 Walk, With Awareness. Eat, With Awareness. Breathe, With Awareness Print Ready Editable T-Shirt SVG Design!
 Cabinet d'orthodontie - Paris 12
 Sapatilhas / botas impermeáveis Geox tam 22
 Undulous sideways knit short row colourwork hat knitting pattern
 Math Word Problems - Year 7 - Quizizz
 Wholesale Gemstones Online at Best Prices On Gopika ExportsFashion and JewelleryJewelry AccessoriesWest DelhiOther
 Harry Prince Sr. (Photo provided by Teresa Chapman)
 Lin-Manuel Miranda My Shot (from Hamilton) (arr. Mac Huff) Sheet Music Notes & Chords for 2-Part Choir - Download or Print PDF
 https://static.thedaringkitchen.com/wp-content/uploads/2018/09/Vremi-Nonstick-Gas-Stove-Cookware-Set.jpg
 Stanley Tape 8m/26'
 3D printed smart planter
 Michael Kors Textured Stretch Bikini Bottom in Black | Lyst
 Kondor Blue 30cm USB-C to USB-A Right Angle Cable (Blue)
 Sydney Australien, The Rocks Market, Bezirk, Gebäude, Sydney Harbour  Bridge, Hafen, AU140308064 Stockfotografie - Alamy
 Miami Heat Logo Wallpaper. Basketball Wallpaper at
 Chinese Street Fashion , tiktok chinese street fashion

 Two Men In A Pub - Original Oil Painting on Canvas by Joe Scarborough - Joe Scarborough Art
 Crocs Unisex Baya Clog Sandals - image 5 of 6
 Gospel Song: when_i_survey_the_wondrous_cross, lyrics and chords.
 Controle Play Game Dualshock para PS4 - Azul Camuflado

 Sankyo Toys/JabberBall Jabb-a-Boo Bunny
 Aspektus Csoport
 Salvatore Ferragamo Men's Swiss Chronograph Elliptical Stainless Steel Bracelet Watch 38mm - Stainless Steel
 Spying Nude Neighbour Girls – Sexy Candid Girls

▶ _YOUR TASK_
Nothing but the lines from the one with "Salvatore Ferragamo Men's" through the last line of the data should appear; print them exactly.

▶ _RESPONSE TO THE TASK_
 Salvatore Ferragamo Men's Swiss Chronograph Elliptical Stainless Steel Bracelet Watch 38mm - Stainless Steel
 Spying Nude Neighbour Girls – Sexy Candid Girls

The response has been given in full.